As for how everyone can agree on the measurement of c, it's easy when they DON'T all agree on the measurements of either space or time. A loose example of something similar is a fraction. 4/8 = 1/2, correct? What about 16/32? That also is 1/2. Let's say all fractions in a particular set are required to be 1/2. If I change an input in a numerator, the only way for the fraction to remain one half is for a corresponding change to occur in a denominator. Is that something you disagree with?

In special relativity, inertial observers must agree upon the measured speed of light. They do NOT have to agree on either distance or time they measure. Your (sorry to say poorly written) example seems to be assuming length measurement is also invariant.
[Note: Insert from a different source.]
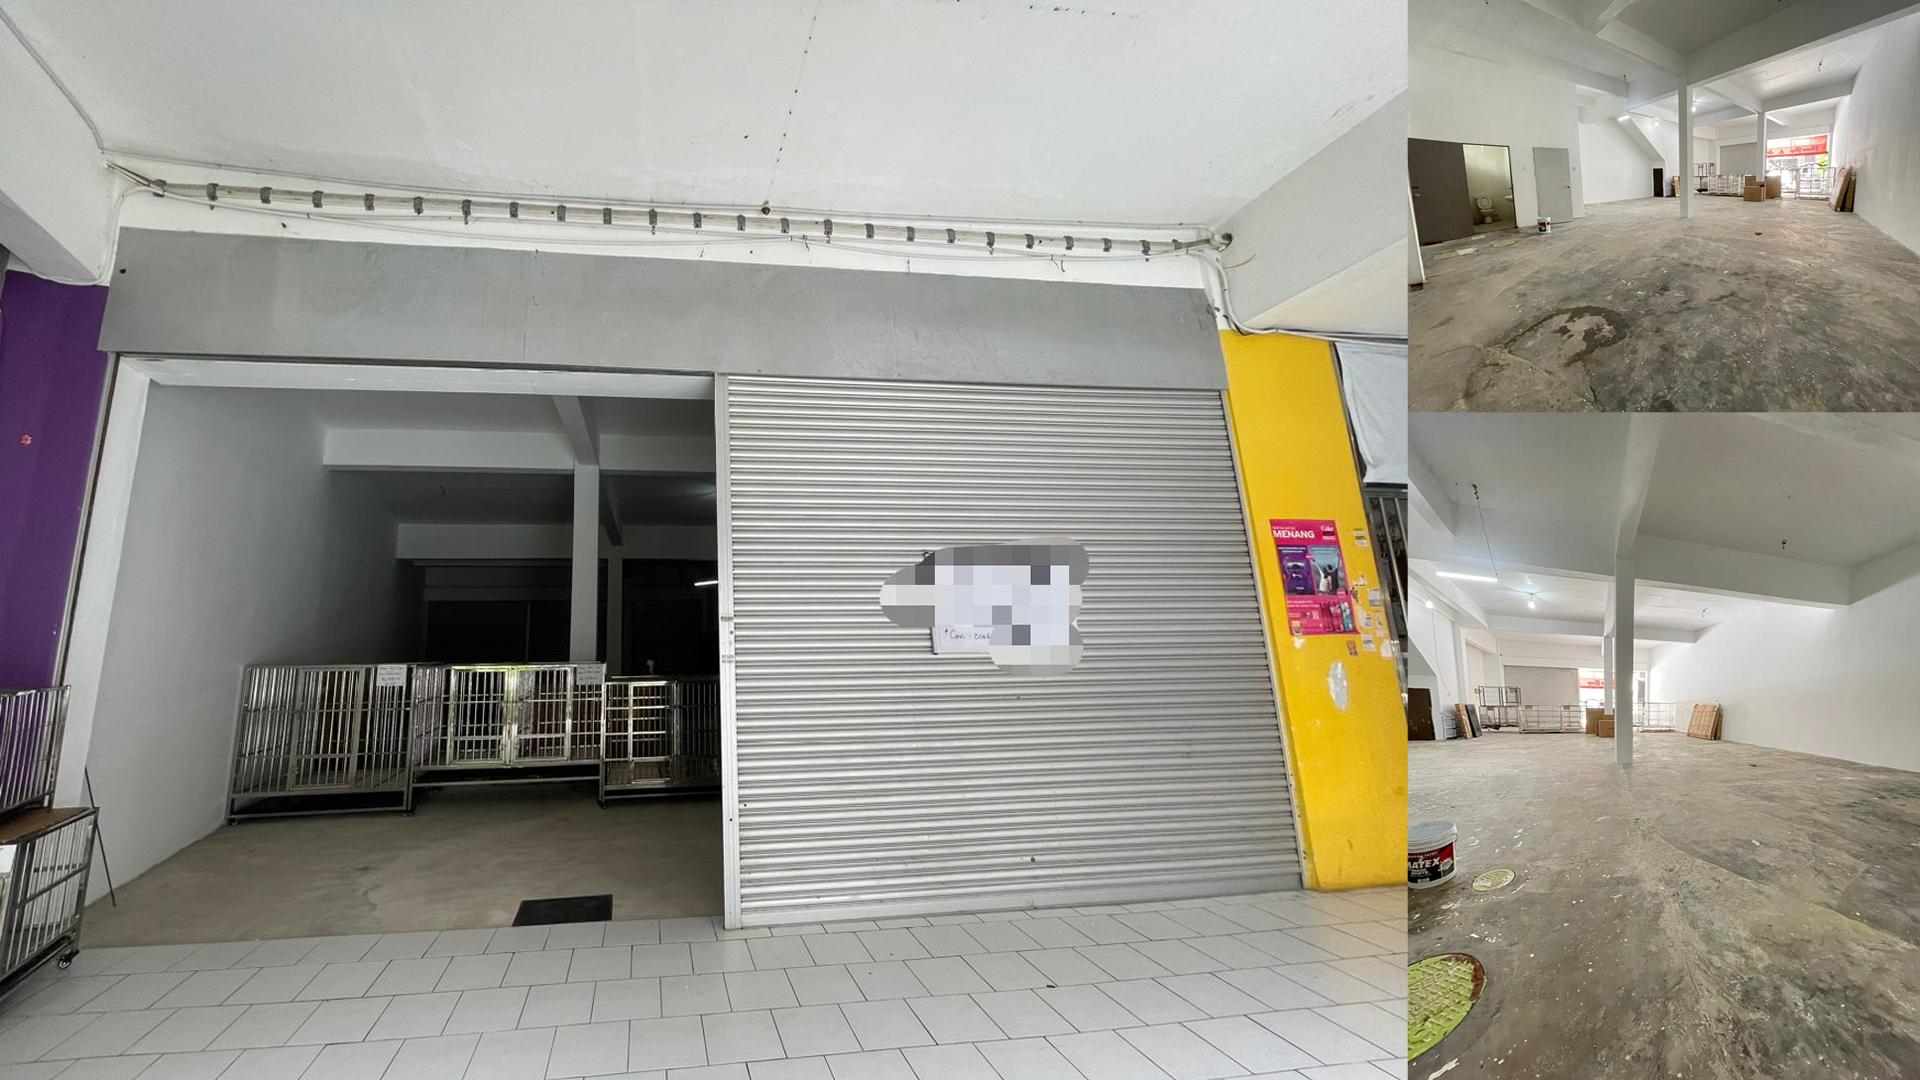 Ground floor Shoplot for Rent!(Super intermediate) Located at Tabuan Tranquility 3

It is NOT.

Let's say I'm on the road at point A and you're in a very fast car that can somehow move at 25% of the speed of light. You drive to point B, which before you leave is 10 miles away. At the moment you leave, a beam of light is shot to a mirror at point B and reflects back. For me, the beam of light takes about 107.3 microseconds to return, which means the beam hit B at about 53.7 microseconds. However, for you, since you are moving at .25c, the distance is NOT 10 miles. The distance you actually experience traveling is contracted to about 9.68 miles. Which means for you the light hits back at A in 103.9 microseconds, and so it hits B in 51.9 microseconds.

Now do the fractions. Speed = distance/time.
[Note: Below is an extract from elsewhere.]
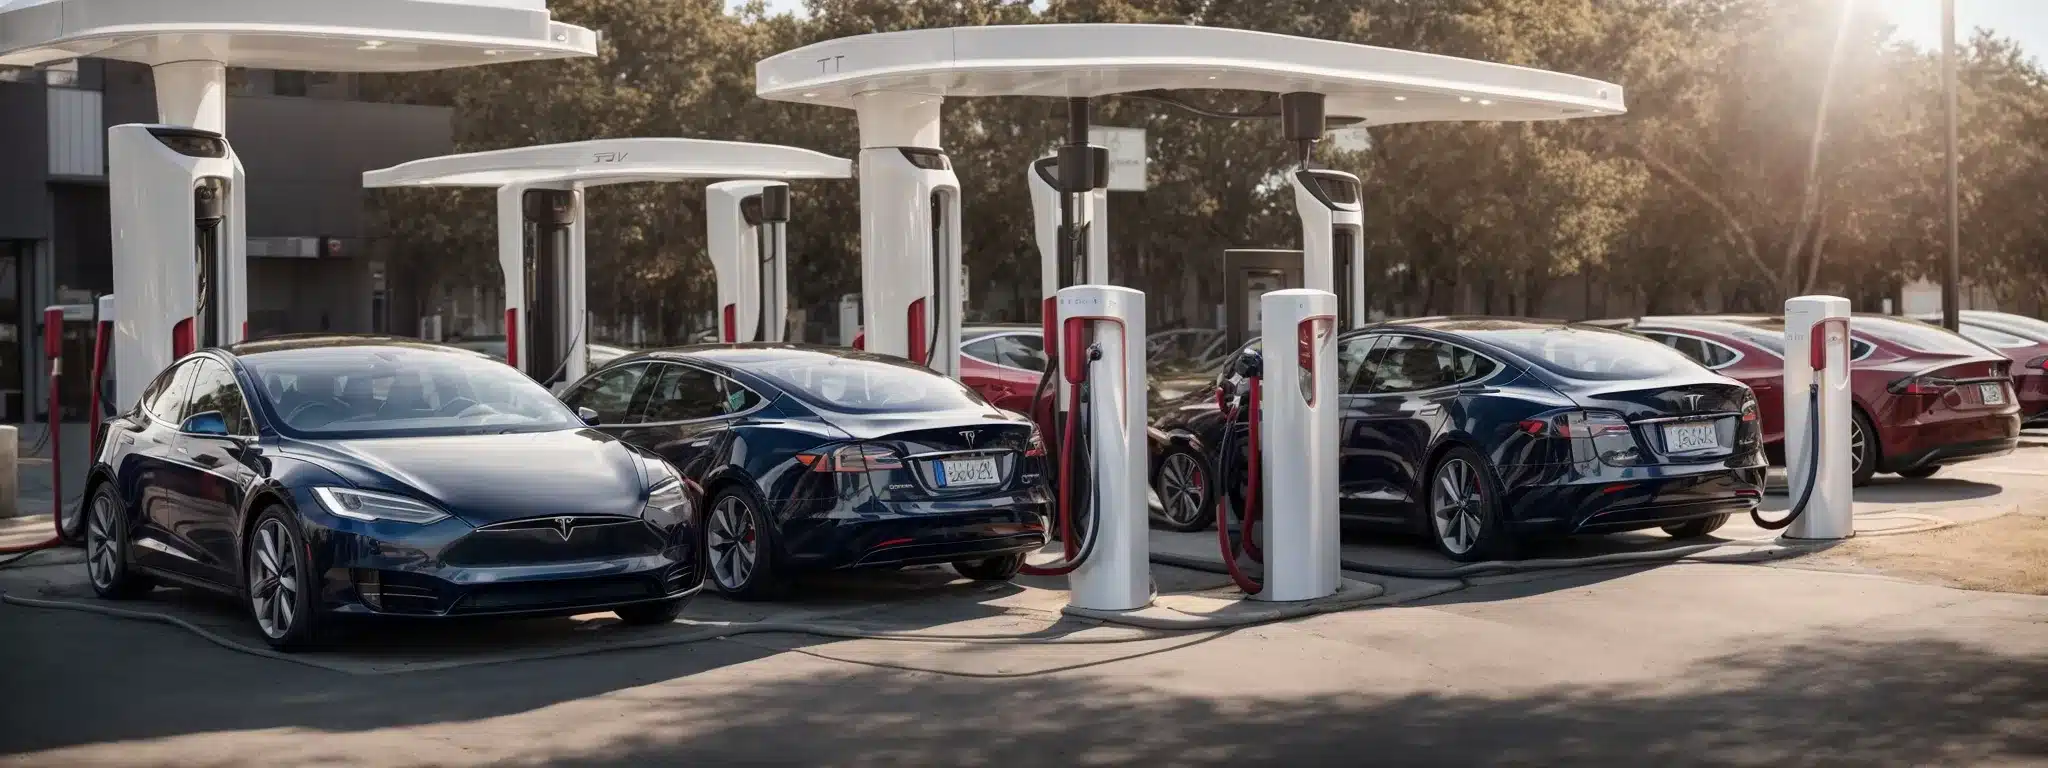 A Tesla Car Charging At A Supercharger Station Amidst A Fleet Of Electric Vehicles On A Sunny Day.

For me, the speed of light is ten miles/ 53.7 microseconds which is about 186, 000 miles per second, and is in agreement with the known speed of light.

For you, the speed the light had to have is 9.68 miles/ 51.9 microseconds, which is about 186, 000 miles per second, which exactly the same as the above. (Note: I had rounding errors but to within 3 significant figures they are the same. Look up significant figures)
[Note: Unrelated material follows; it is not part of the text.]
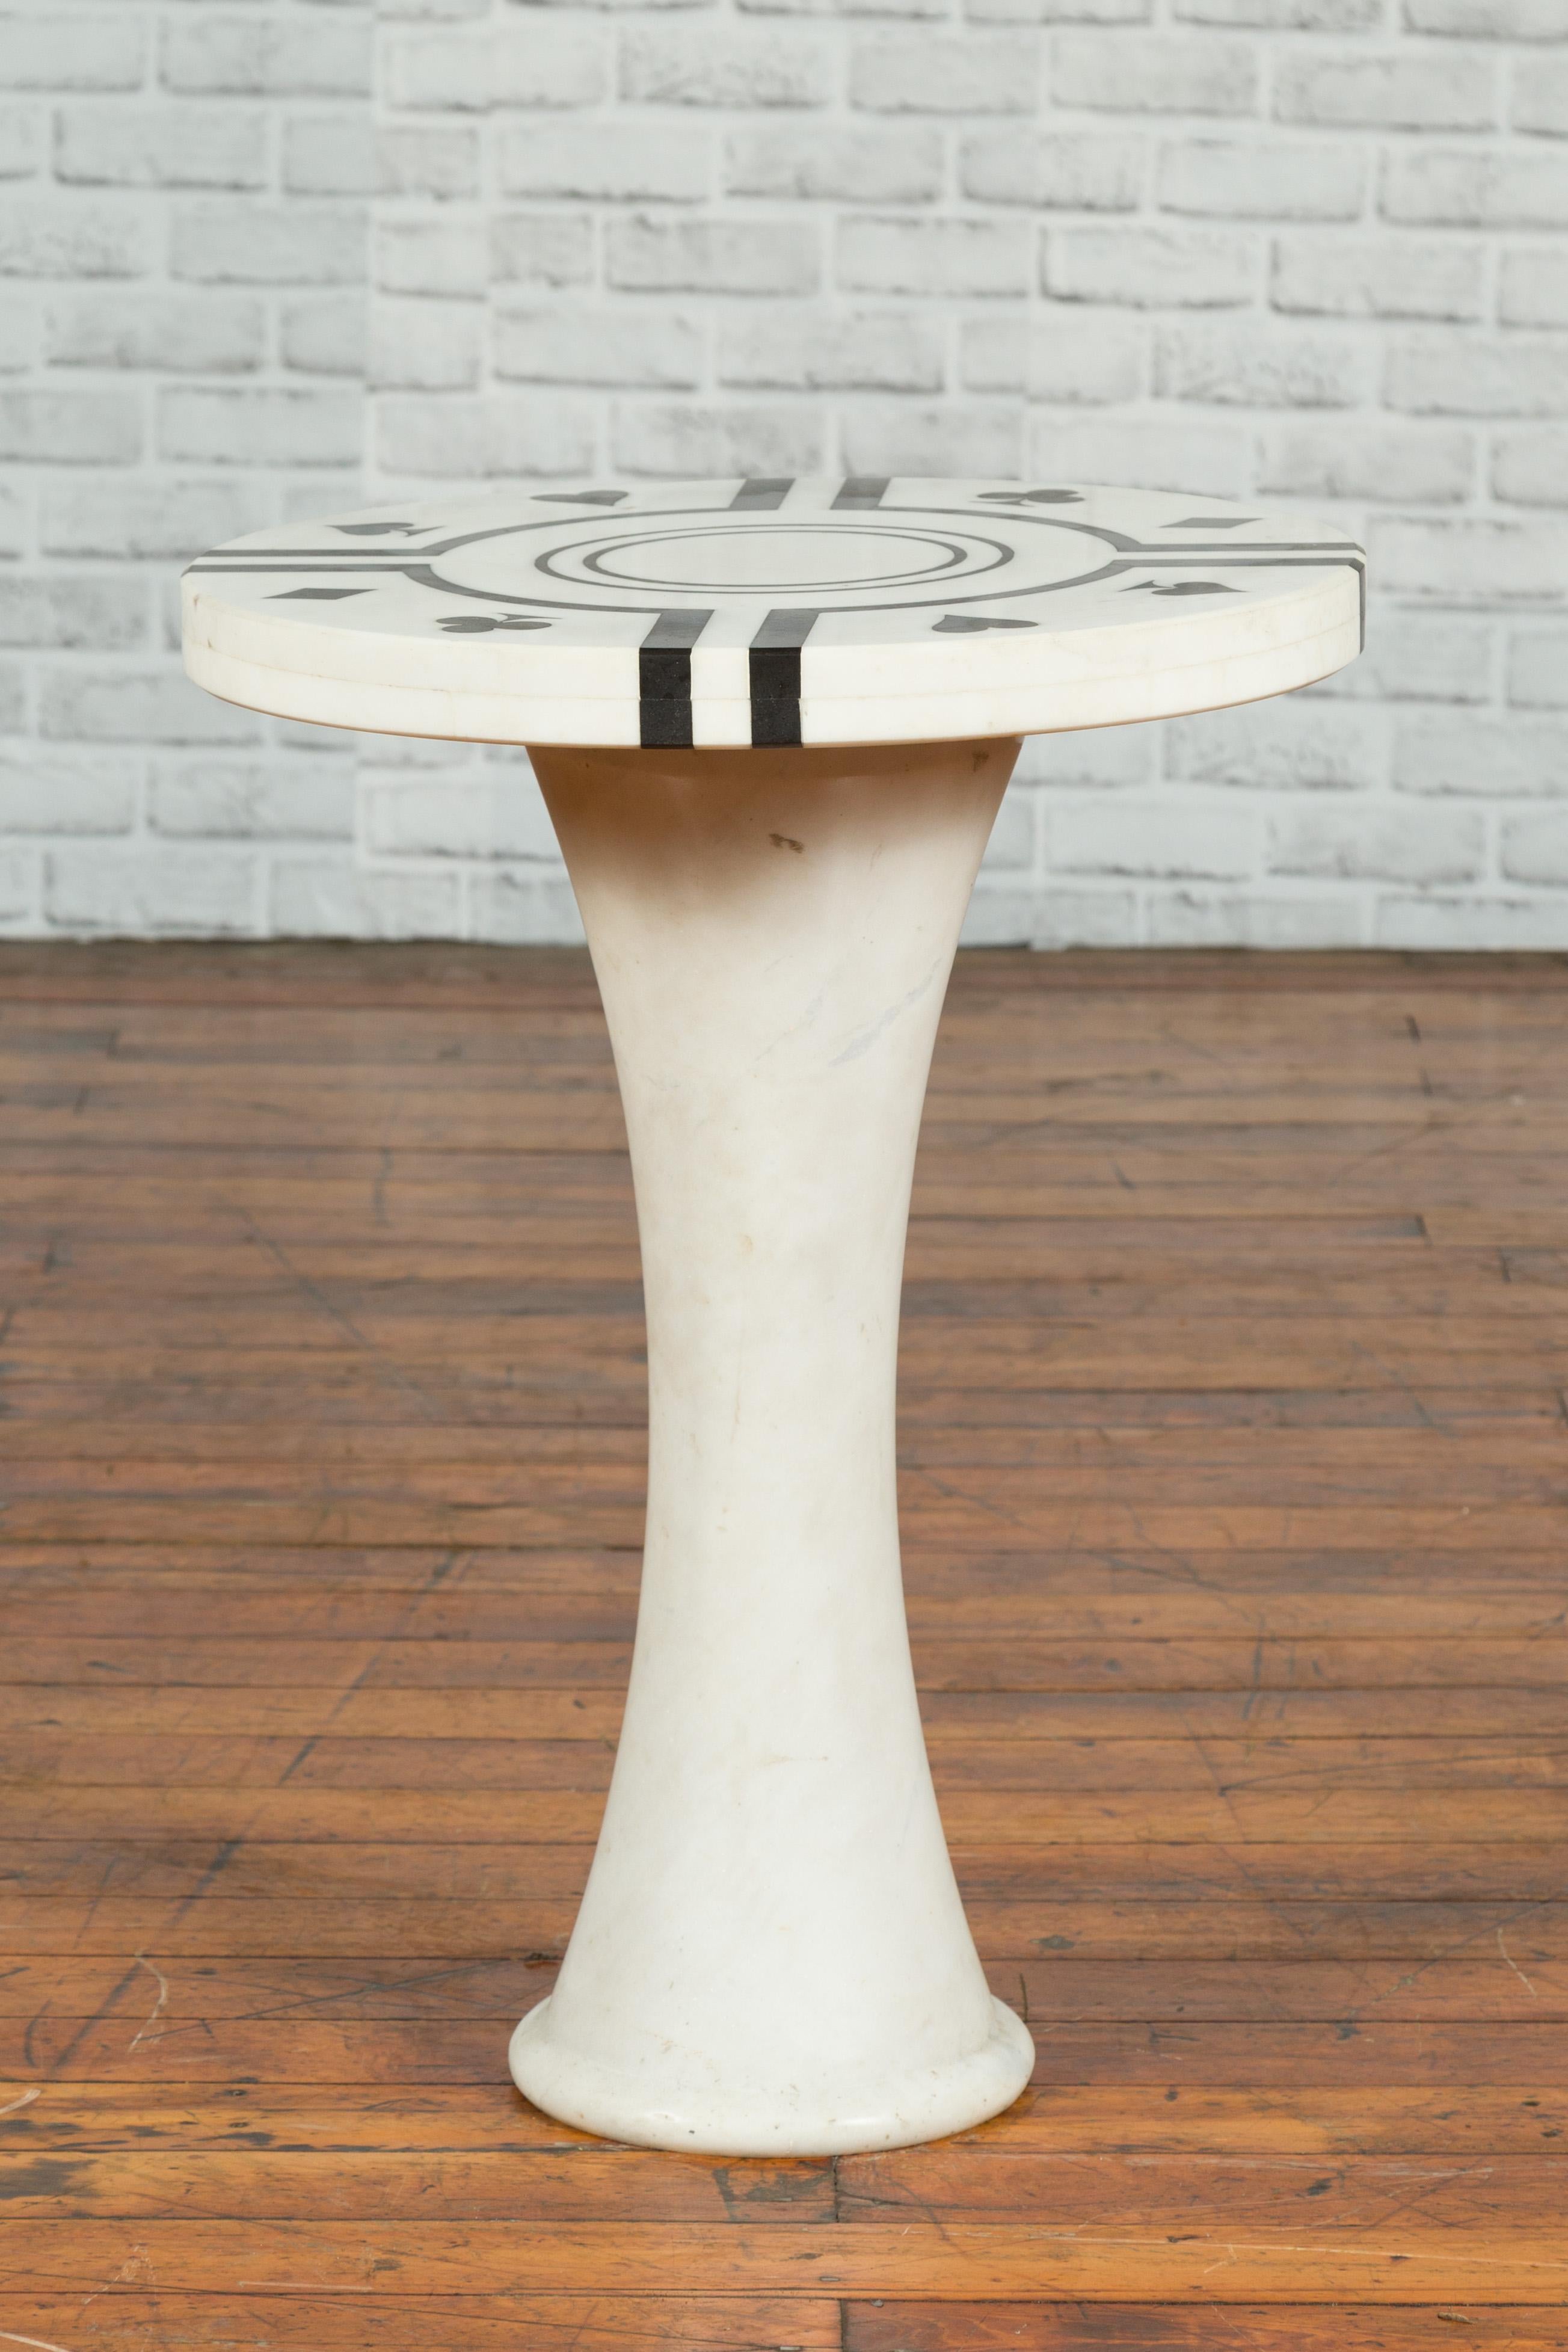 20th Century White Marble Side Table with Poker Design Round Top and Pedestal Hourglass Base For Sale

We BOTH measure c for the speed of light. We do NOT both measure the same distance you traveled nor do we agree on the time the trip took. This is actually a logical inevitability of every inertial frame agreeing on c.

Is this really a hard concept to grasp? How is it any more difficult to understand than the concept of two fractions with different numbers in their numerators and denominators being equal? All you have to do is stop insisting on absolute length and time. As for where the numbers I use come from its the Lorentz factor and just a function of speed. Look it up.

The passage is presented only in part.